Going deeper into the article reveals that they haven’t the foggiest clue what football brain injury litigation exists at the moment, much less where the field will go in the future:

This slow death march could easily take 10 to 15 years. Imagine the timeline. A couple more college players — or worse, high schoolers — commit suicide with autopsies showing CTE. A jury makes a huge award of $20 million to a family. A class-action suit shapes up with real legs, the NFL keeps changing its rules, but it turns out that less than concussion levels of constant head contact still produce CTE. Technological solutions (new helmets, pads) are tried and they fail to solve the problem. Soon high schools decide it isn’t worth it.
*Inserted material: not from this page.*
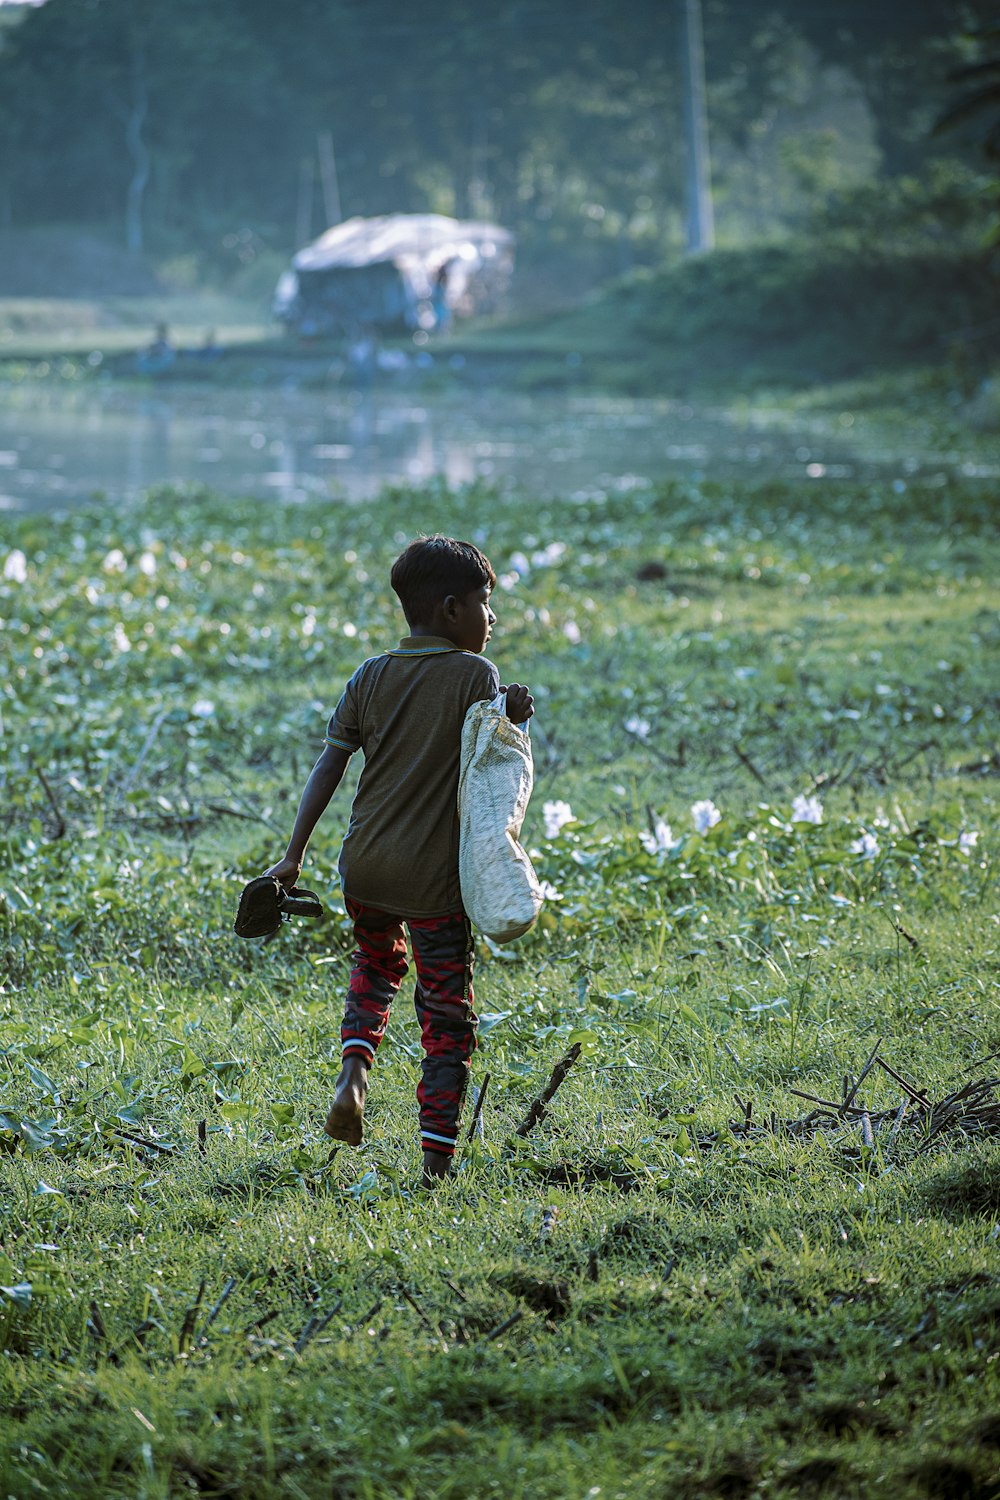 a young boy walking across a lush green field

Putting aside that a class action for football players likely isn’t going anywhere (and the fact that their argument seems to admit “the problem” is really one of the football causing CTE, not one of liability), why would “a huge award of $20 million” amount to anything more than a drop in the bucket in the big world of football? Already, there are a handful of successful lawsuits relating to football injuries and deaths every year. A little over two years ago Preston Plevretes, for example, settled his case against La Salle for $7.5 million. Zachary Frith recovered the $3 million policy covering his high school (see page 384; notably, had Zach been in Virginia instead of Missouri, he would have recovered nothing). Despite these large settlements and verdicts, football keeps humming along.

Truth is, just like with medical malpractice, tort liability is only tiny part of the broader social question of whether or not anyone wants to expose their children to a sport that may cause permanent brain damage, or whether or not anyone wants to watch a sport knowing that it may be slowly killing the participants. I don’t know what the future holds for football in general or for the NFL in particular, but I do know this: it will thrive or decay on the basis of public perception, not as the result of a couple dozen lawsuits a year all covered by insurance.